Pas le moindre ressentiment non plus a l'égard de Michel Cadot, le très droitier préfet de police de Paris, qui a, sinon organisé, au moins autorisé la manifestation des policiers sur la place de la République, manif qui a débouché sur l'agression de quatre infortunés agents de la force publique dans leur voiture de fonction. Cette séquence de guérilla qui tourne en boucle en ce moment dans les médias d'"information" n'est jamais remise en contexte. Pourtant, elle est la conséquence directe et malheureuse d'une invraissemblable provocation de la part des pouvoirs publics et en particulier de M. Cadot, ancien élève d'Assas. Faire défiler les porteurs de matraque sur le lieu où tente de s'organiser une forme de résistance à l'ordre des banquiers reste une provocation.
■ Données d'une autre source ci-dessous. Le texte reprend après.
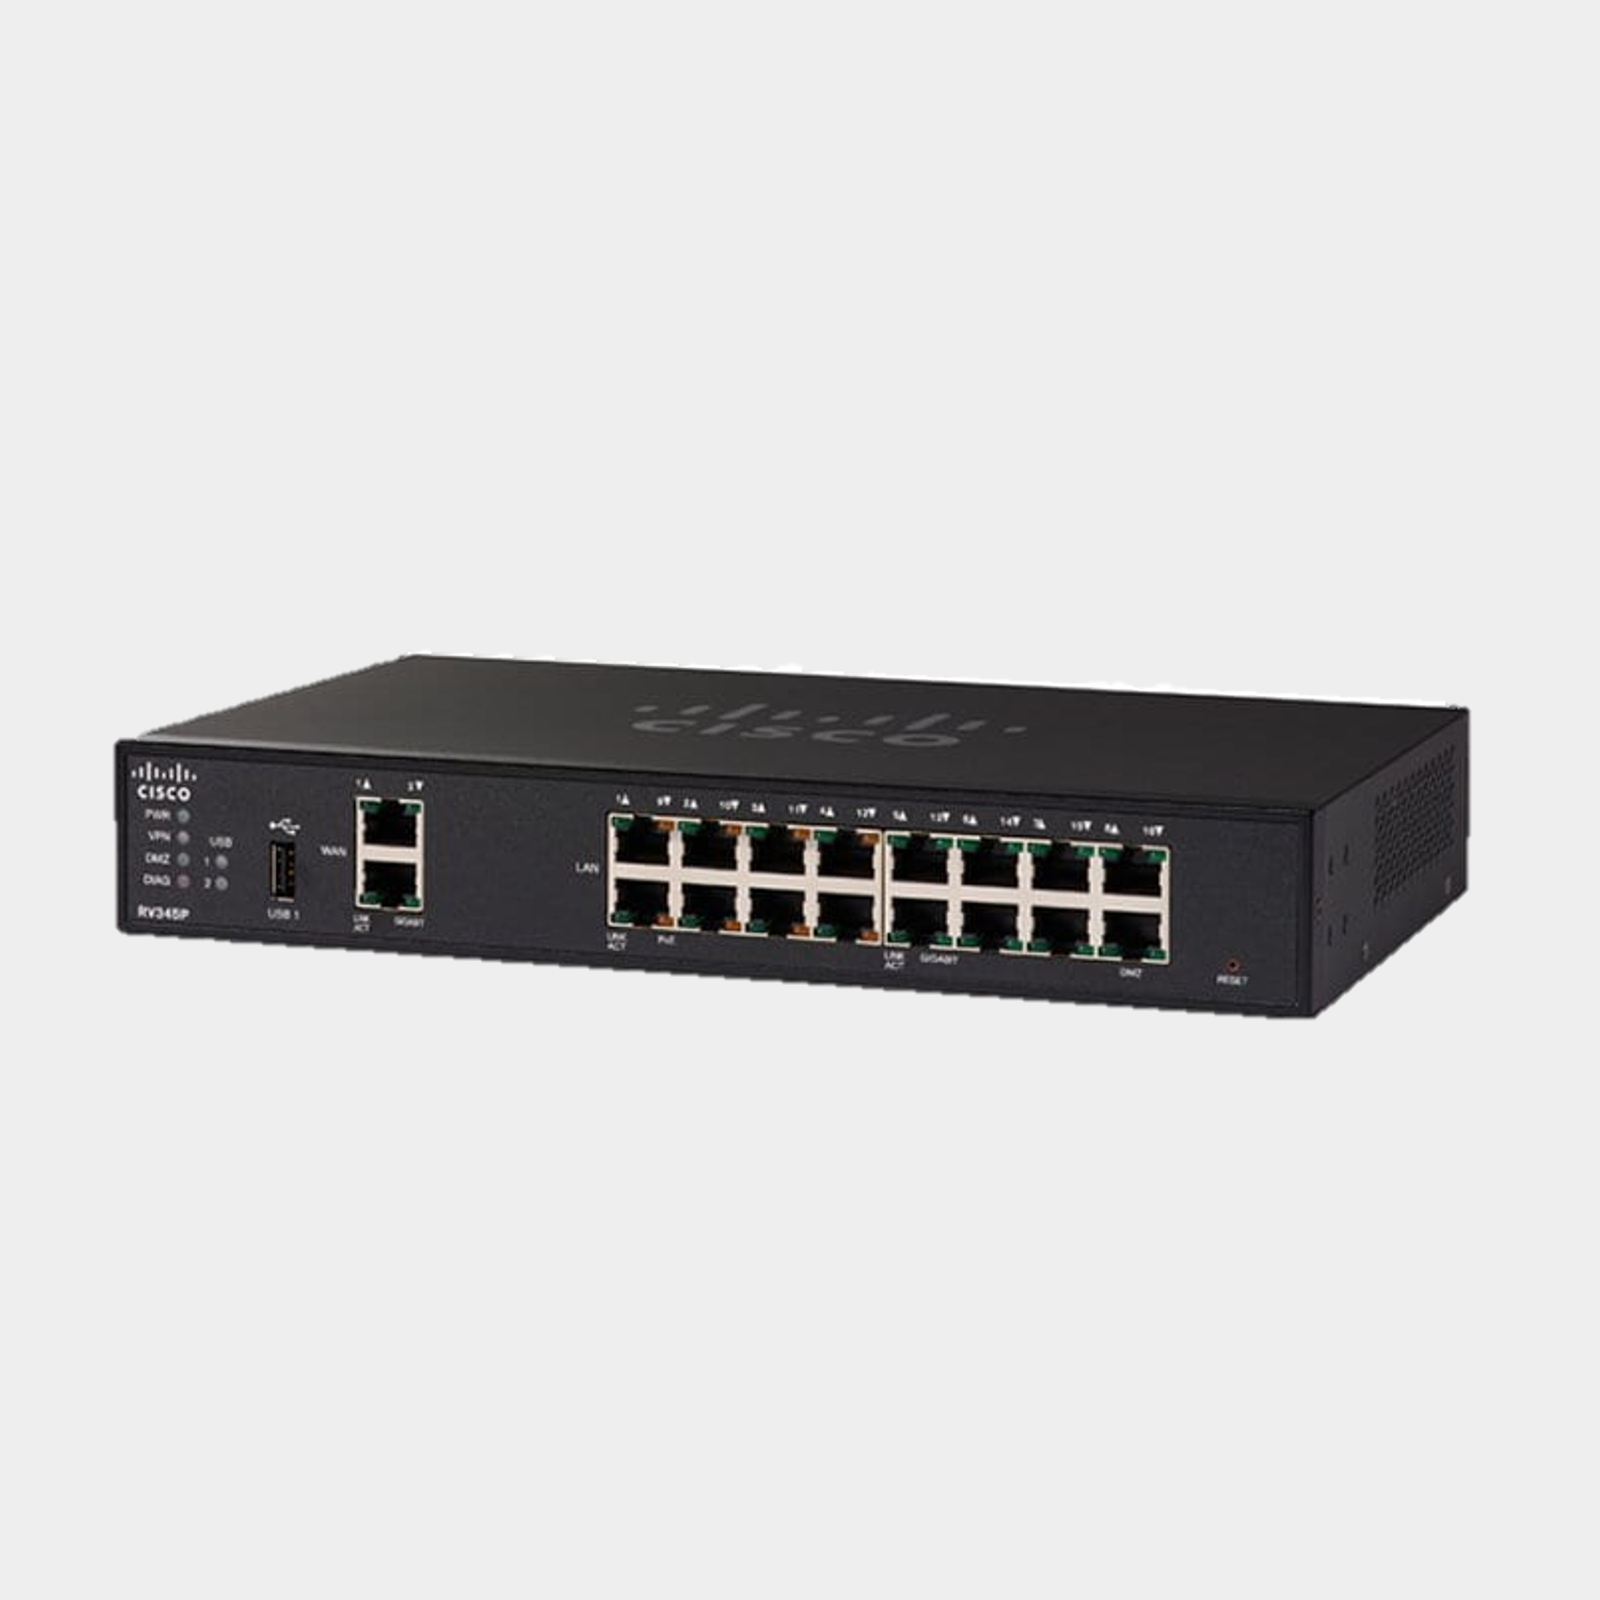 CISCO RV345P Dual WAN 16-Port Gigabit Ethernet POE VPN Router Rack Mount (RV345P-K9-G5)
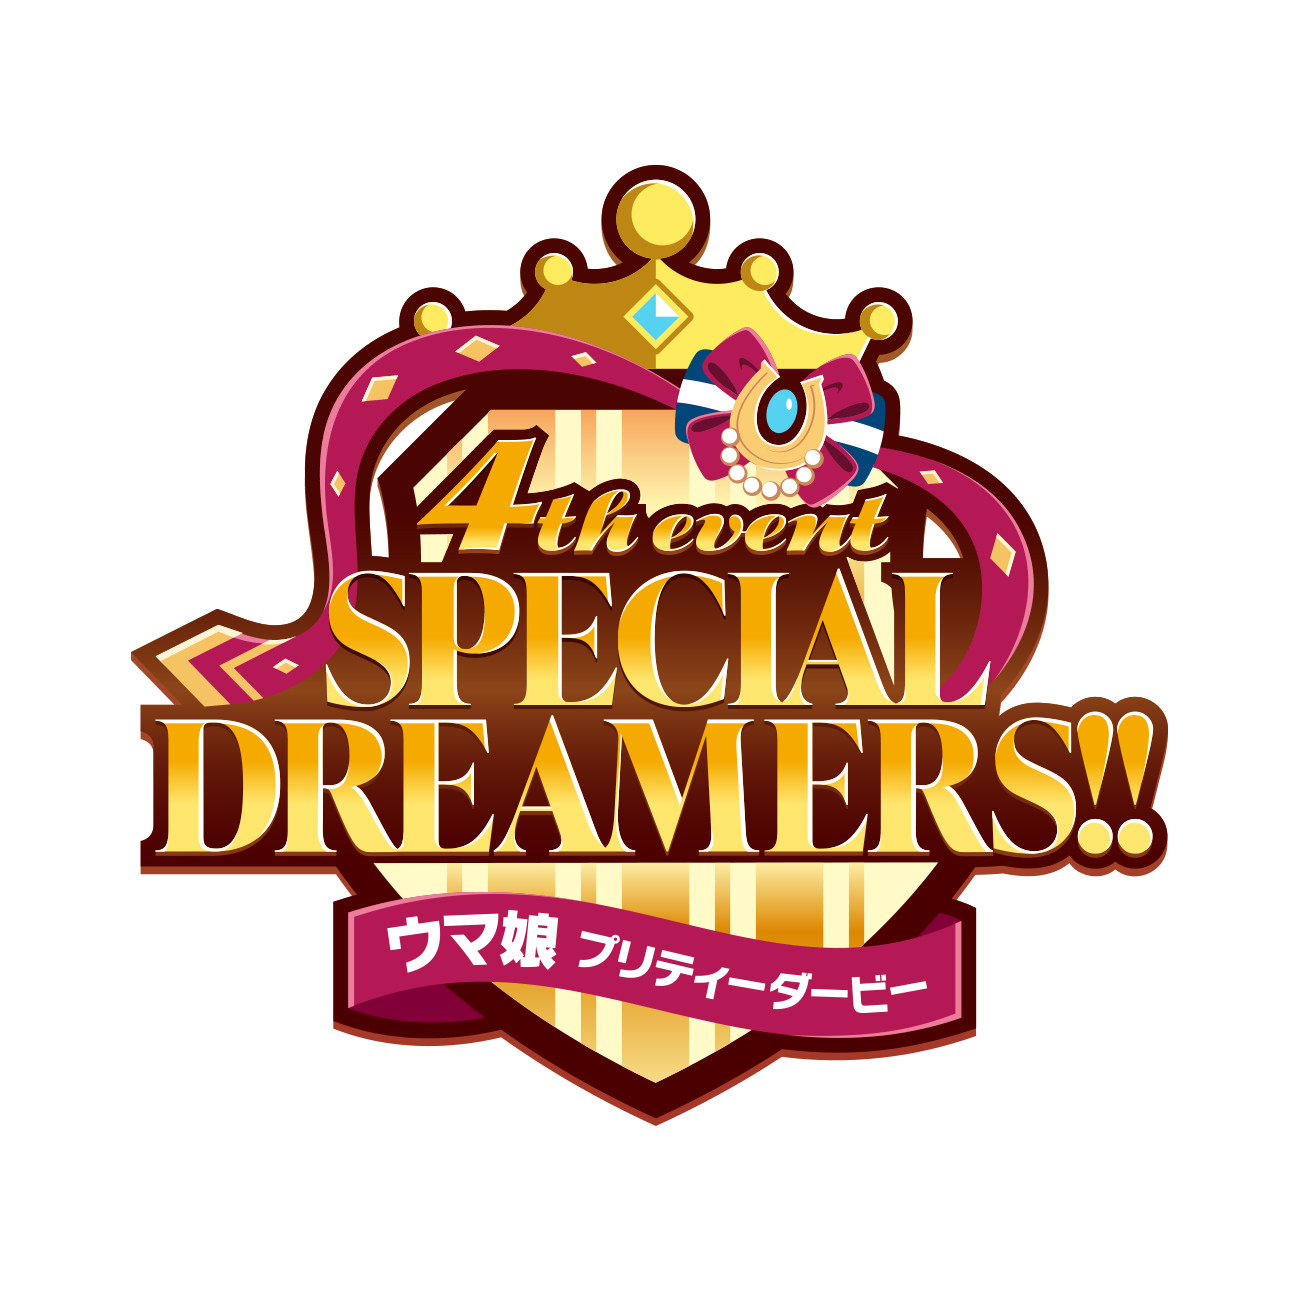 ウマ娘 プリティーダービー 4th EVENT SPECIAL DREAMERS!! & EXTRA

C'est un peu comme si un chômeur SDF allait s'installer devant la porte du logement d'Emmanuel Macron. Hélas, il n'y a pas de matraque contre les policiers. Espérons que le tribunal de l'Histoire retiendra le véritable sens de cette infâmie.

L'adoption de la loi El Khomri signifie la fin des conventions collectives.

L'origine de la violence se trouve là. Dans ces conditions, il est logique que les salariés qui peuvent se mobiliser sans craindre de perdre leur emploi le fasse avec virulence. L'agression caractérisée que constitue l'abandon pur et simple du dialogue social, en échange d'une parodie de syndicalisme, constitue un retour en arrière d'un siècle quant aux droits et à la protection sociale des gens.

De son coté, le gouvernement tient à cette réforme parce qu'elle est vraissemblablement une monnaie d'échange avec l'Europe des banquiers. Les exigences des créanciers se font plus pressantes et la menace de finir comme la Grèce n'est plus de la politique-fiction.

Il faut évidemment rompre avec cette logique de violence initiée par le gouvernement. Valls a vécu et doit être remplacé. Ses coups de menton à l'égard de la jeunesse, des ouvriers, des syndicats n'auront pour effet que d'exaspérer davantage la population à l'égard du pouvoir et de jeter les électeurs dans les bras de la famille Le Pen et des néo-fascistes.

L'inversion de la hiérarchie des normes doit être enlevée de la loi. Elle est le point d'achoppement incontournable.